AgencyZoom is a Vertafore-backed CRM that started in personal lines P&C and has been pulling toward benefits for the last few years. It is genuinely good at what it was built for — auto + home + small commercial — but the benefits side carries the architectural assumptions of P&C: short policies, single-line products, no concept of enrolled lives or carrier appointments per line.
The benefits broker workflow doesn't fit those primitives. A medical group has 47 dependents on the spousal-coverage line, the chiropractor in network for 12 of them dropped out of UnitedHealthcare's PPO three months before renewal, and the broker only books 70% of cases with that carrier because their state license + E&O + appointment matrix says so. AgencyZoom doesn't model any of that, so the outbound side ends up generic.
Velora was designed broker-first.
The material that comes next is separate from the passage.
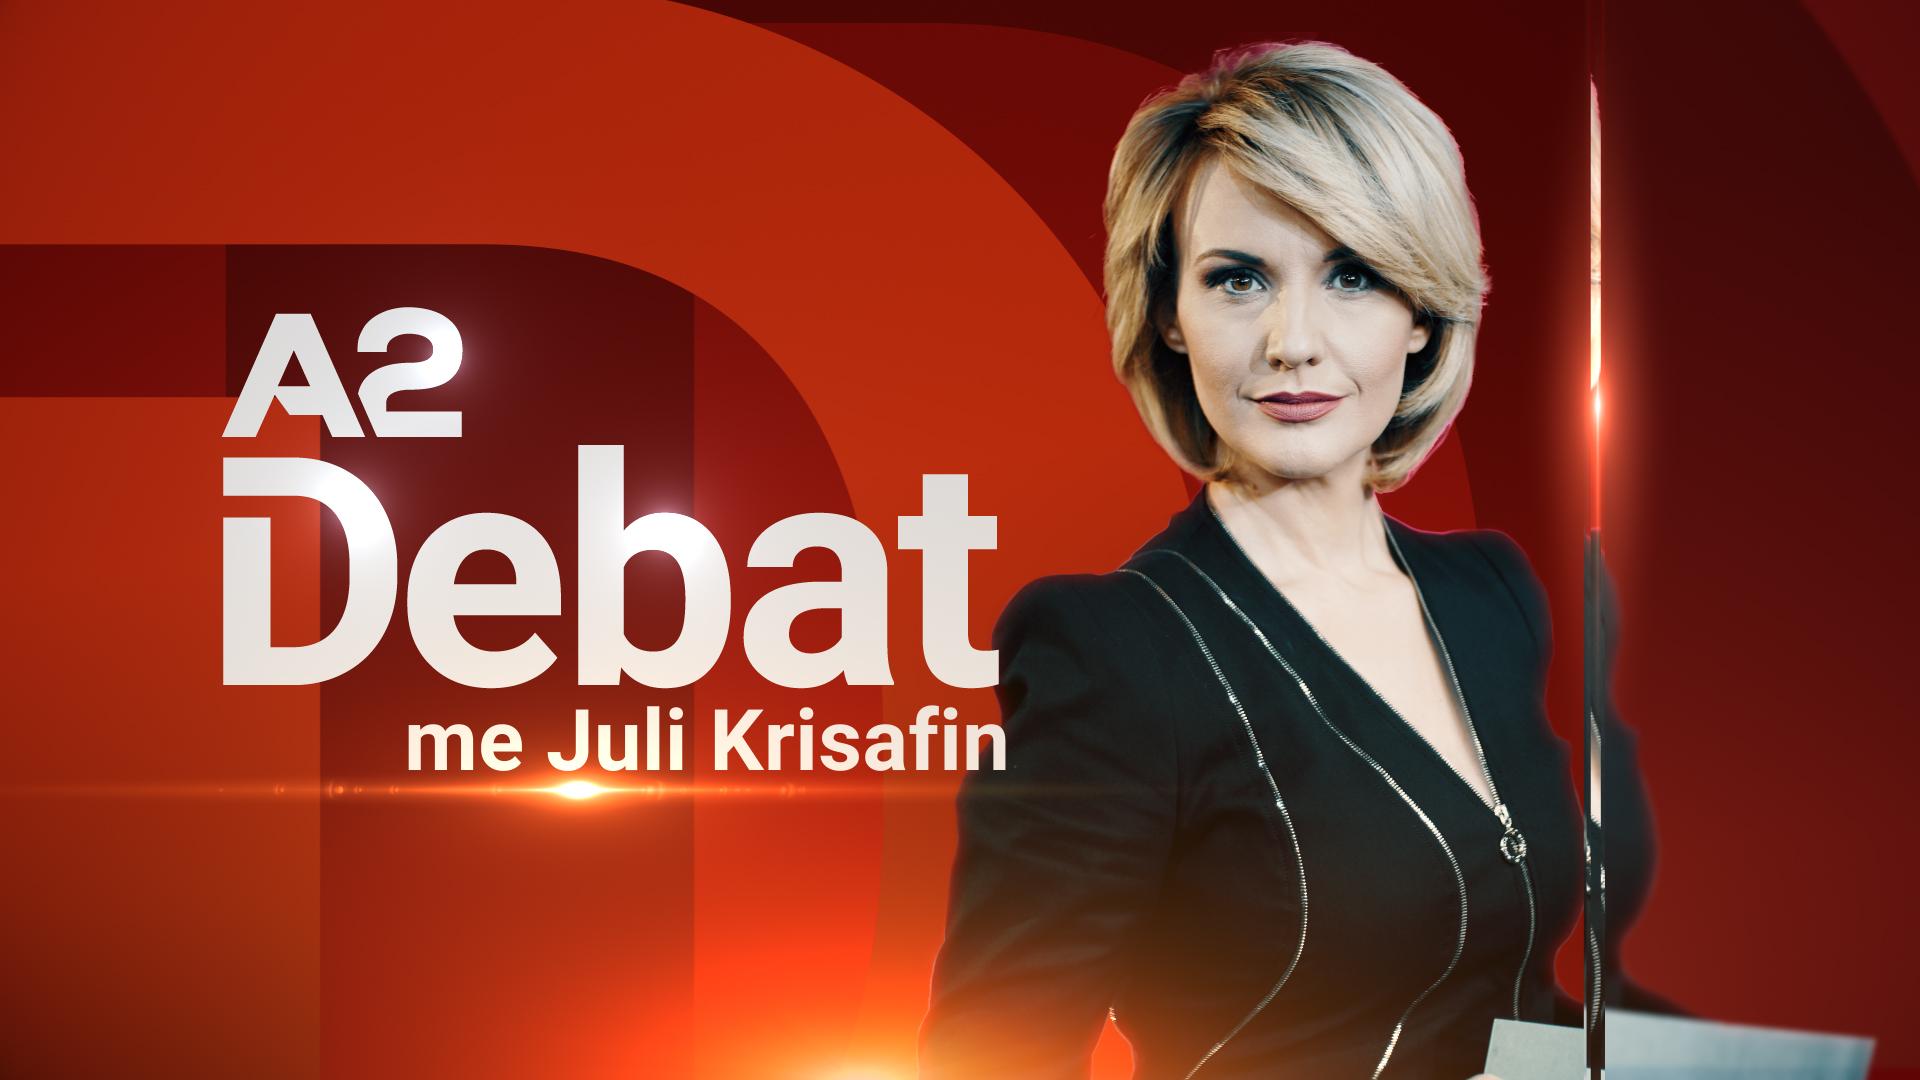 A2_Debat_Design_CNN_Albania_Renderon2.jpg

The targeting layer pulls from Form 5500 filings, NPI lookups, and 79 carriers worth of network deltas through Velora Network MCP. Cadences fire backward from a renewal month, not a creation date. AI voice agents adopt state-specific TCPA disclosures (TX SB 140, CA AB 2905, the FL/WA/OK/MD mini-TCPA). Reply triage classifies into six benefits-relevant intents — meeting, objection, OOO, unsub, bounce, question. Every cell in the comparison table below reflects real shipped code with tests.
If you're a multi-line P&C-and-benefits agency and your P&C book is the larger of the two, AgencyZoom is probably worth keeping for the AMS layer and supplementing with Velora for the benefits outbound — it's the cleanest split. If you're benefits-only, the two products overlap on email marketing but diverge on every benefits-specific feature.